= Beginning of Section =

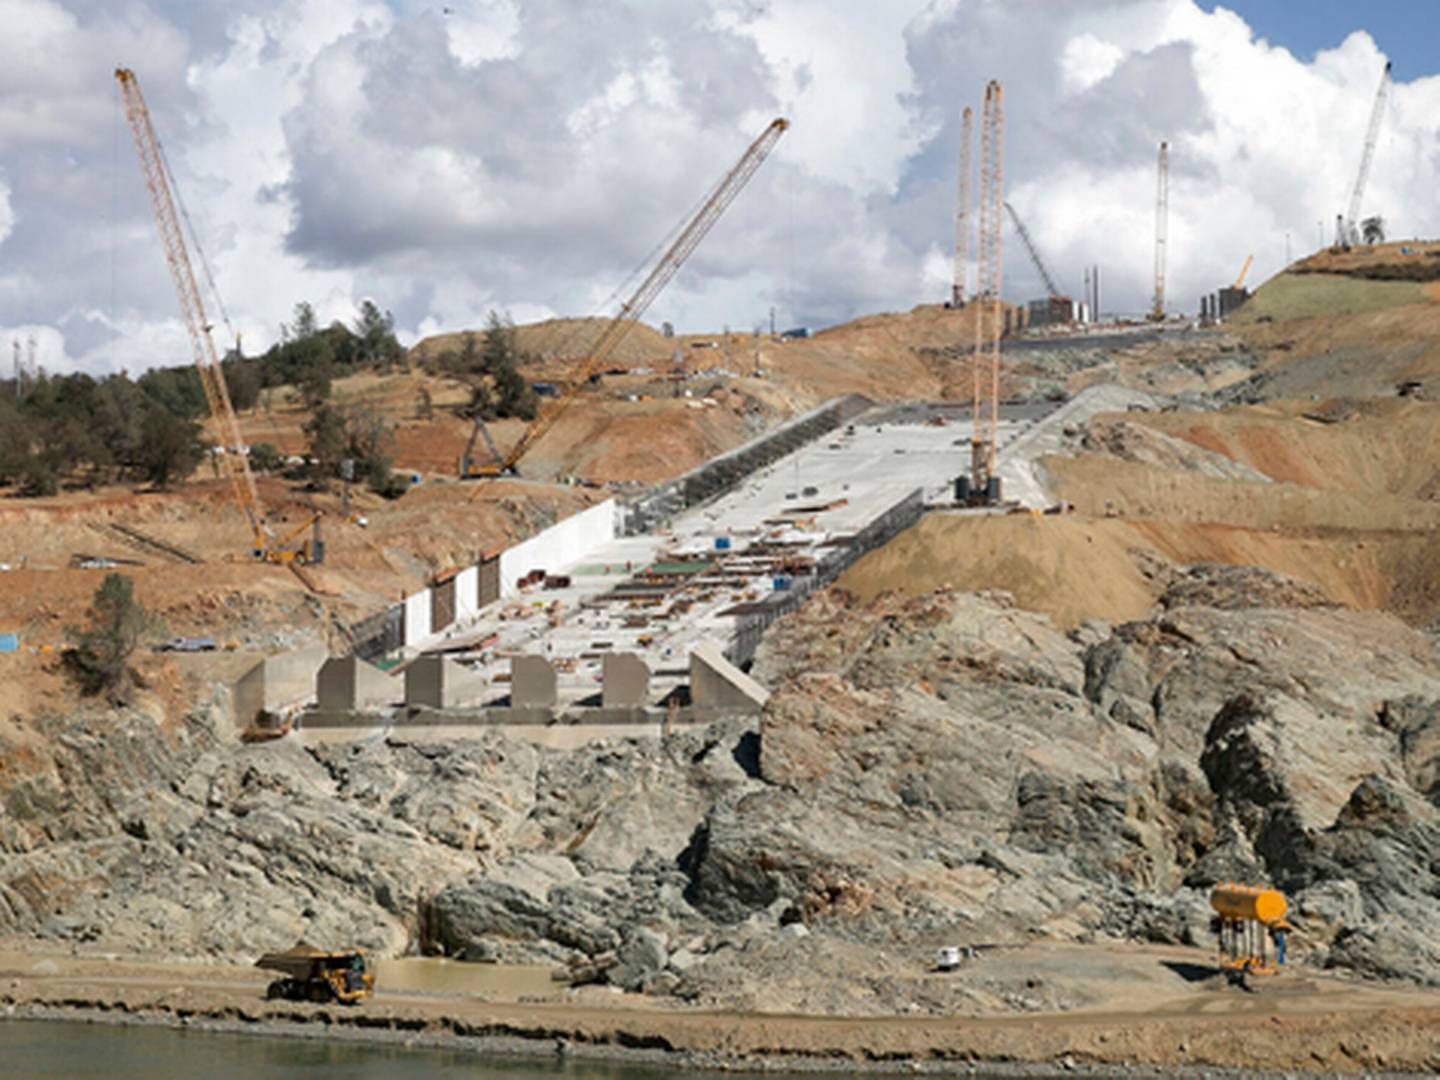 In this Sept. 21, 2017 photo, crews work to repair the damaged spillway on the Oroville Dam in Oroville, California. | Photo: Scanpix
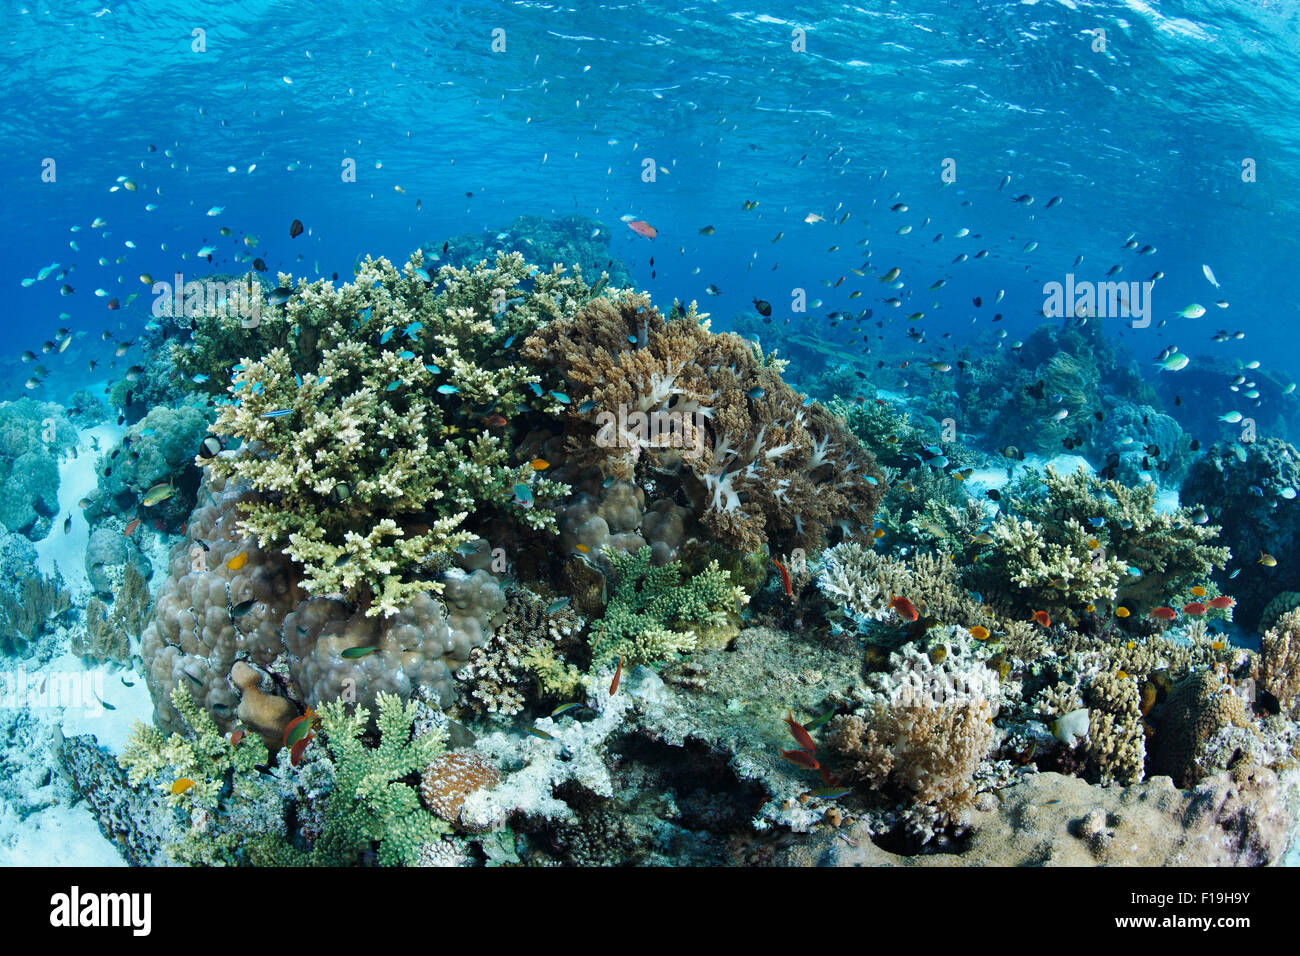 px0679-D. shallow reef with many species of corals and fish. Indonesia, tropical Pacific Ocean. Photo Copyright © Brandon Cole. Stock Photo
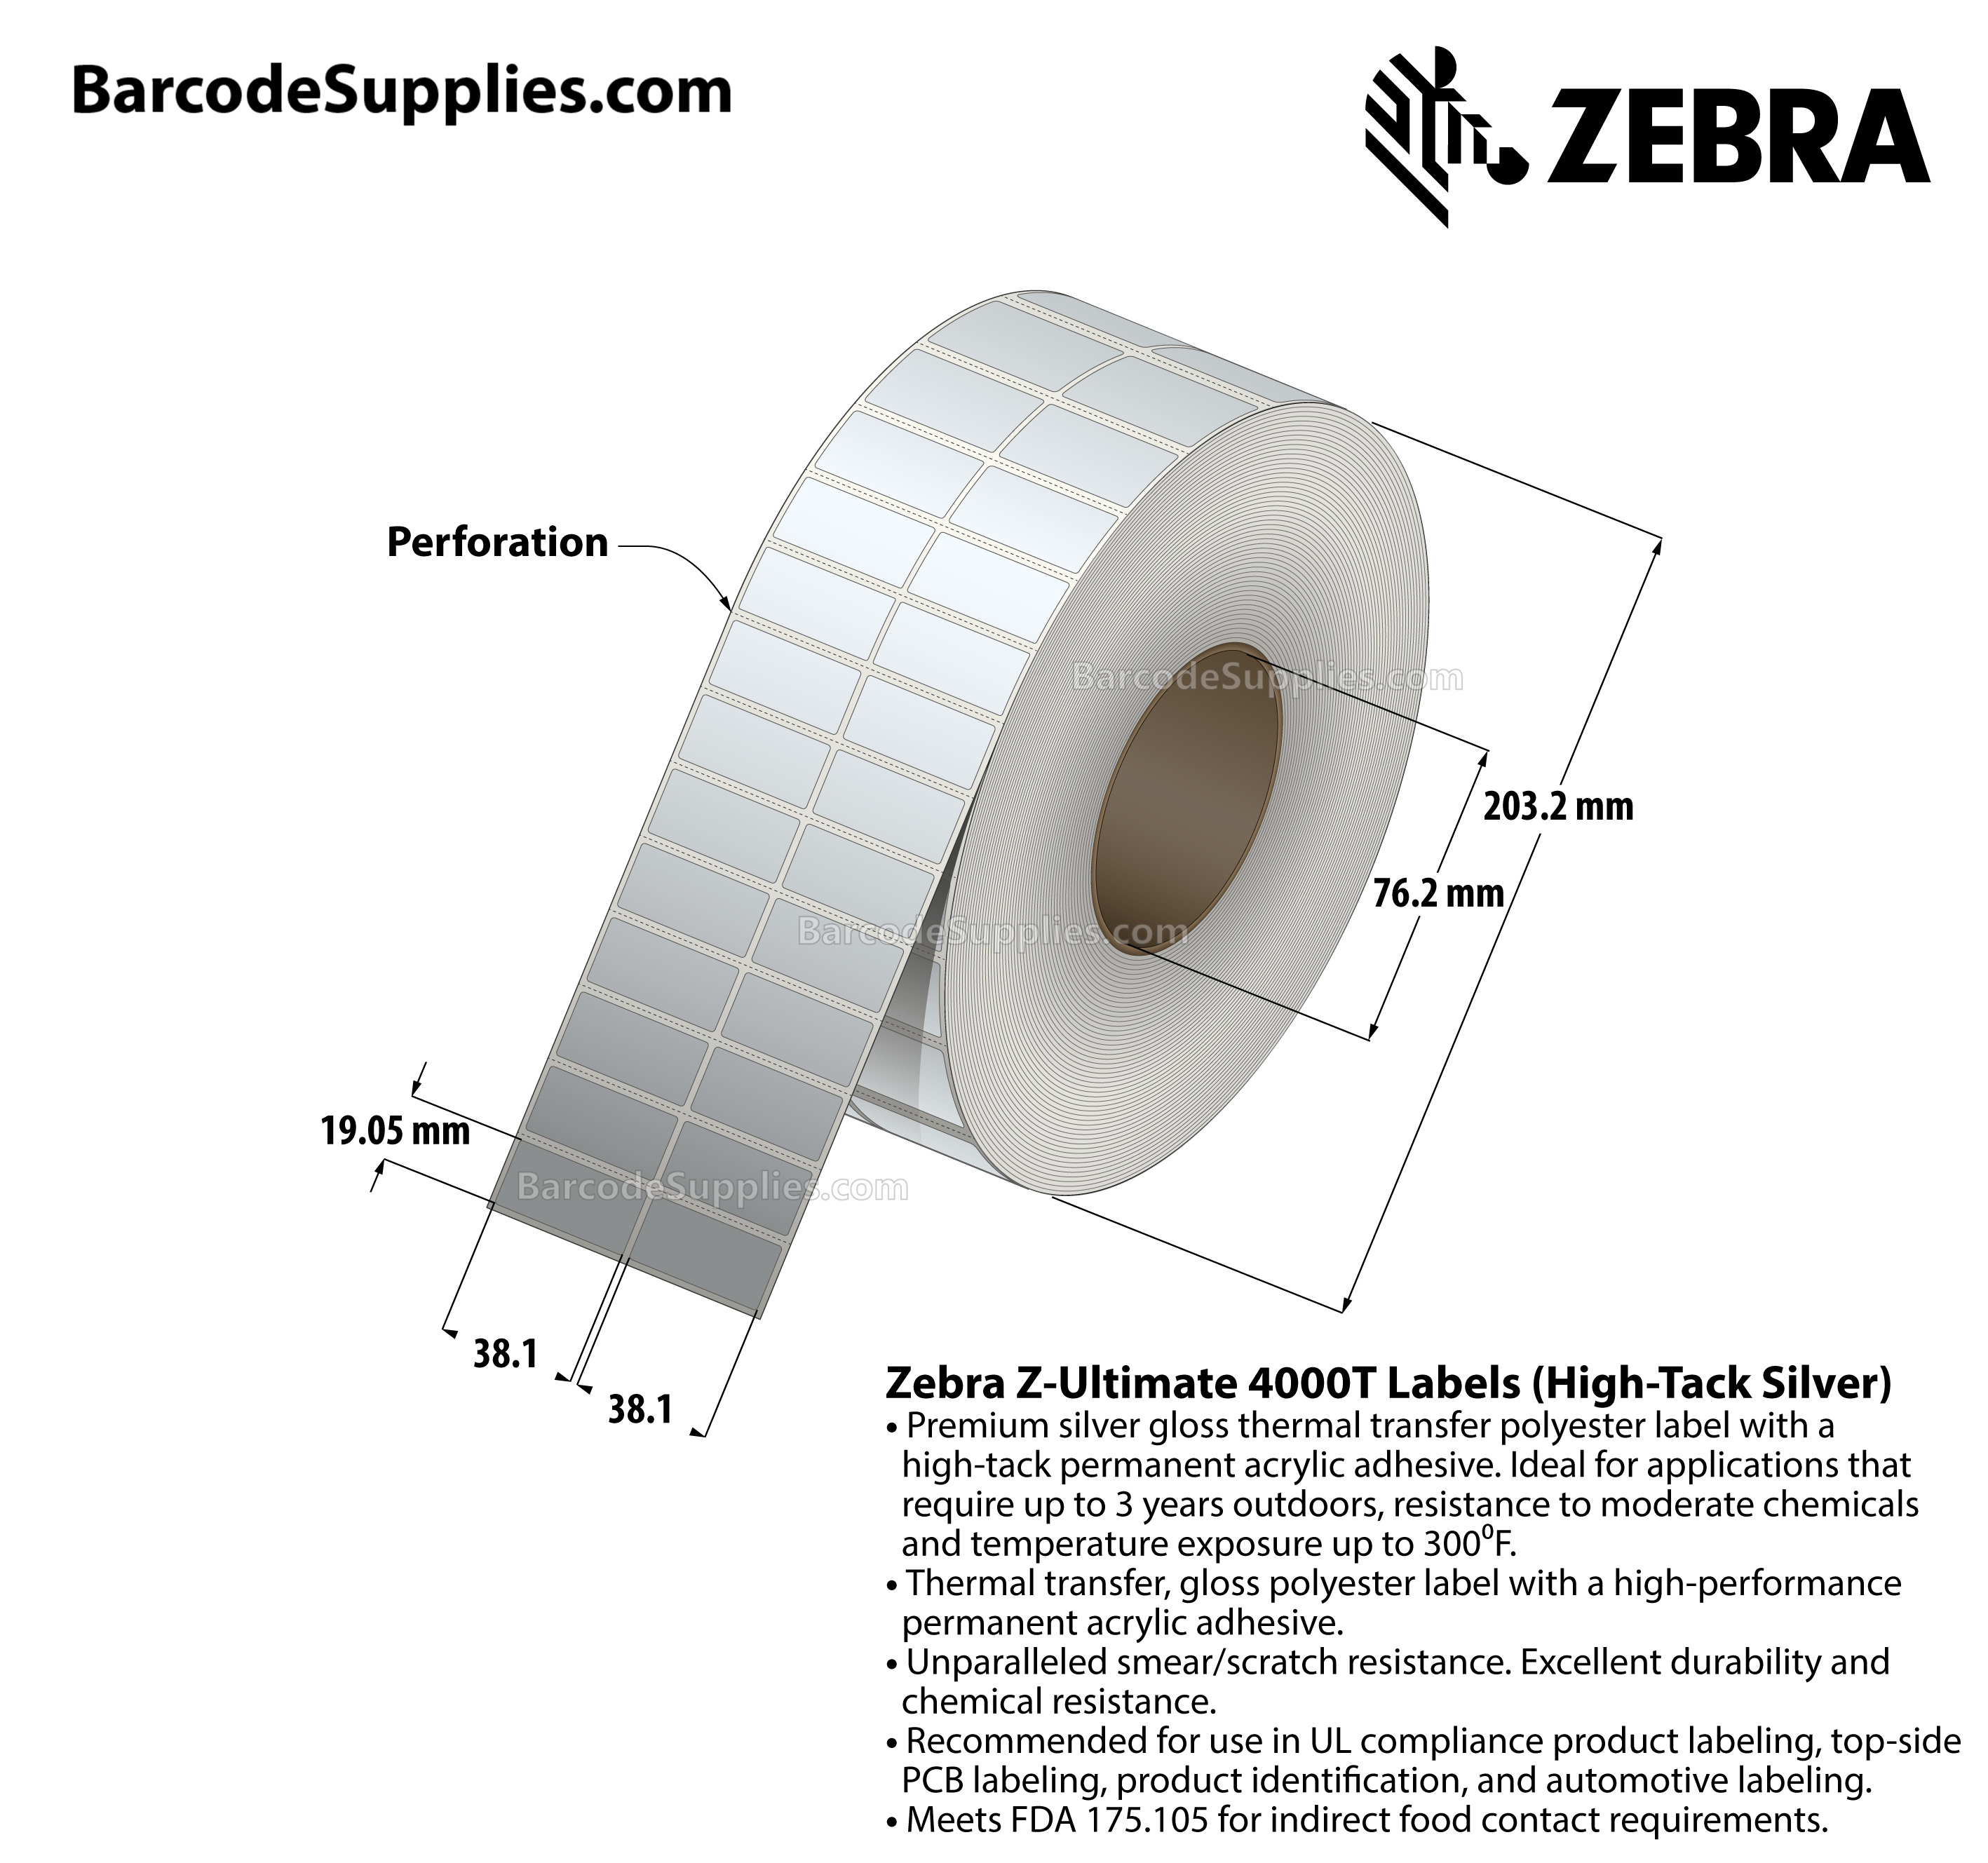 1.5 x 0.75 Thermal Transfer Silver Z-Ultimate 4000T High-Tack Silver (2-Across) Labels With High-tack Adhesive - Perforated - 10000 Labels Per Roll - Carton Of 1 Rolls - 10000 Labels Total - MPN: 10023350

= End of Section =

## [Problem requirements]
A verbatim transcription of the listing is expected, with no pictures included.

## [Expected answer]
 In this Sept. 21, 2017 photo, crews work to repair the damaged spillway on the Oroville Dam in Oroville, California. | Photo: Scanpix
 px0679-D. shallow reef with many species of corals and fish. Indonesia, tropical Pacific Ocean. Photo Copyright © Brandon Cole. Stock Photo
 1.5 x 0.75 Thermal Transfer Silver Z-Ultimate 4000T High-Tack Silver (2-Across) Labels With High-tack Adhesive - Perforated - 10000 Labels Per Roll - Carton Of 1 Rolls - 10000 Labels Total - MPN: 10023350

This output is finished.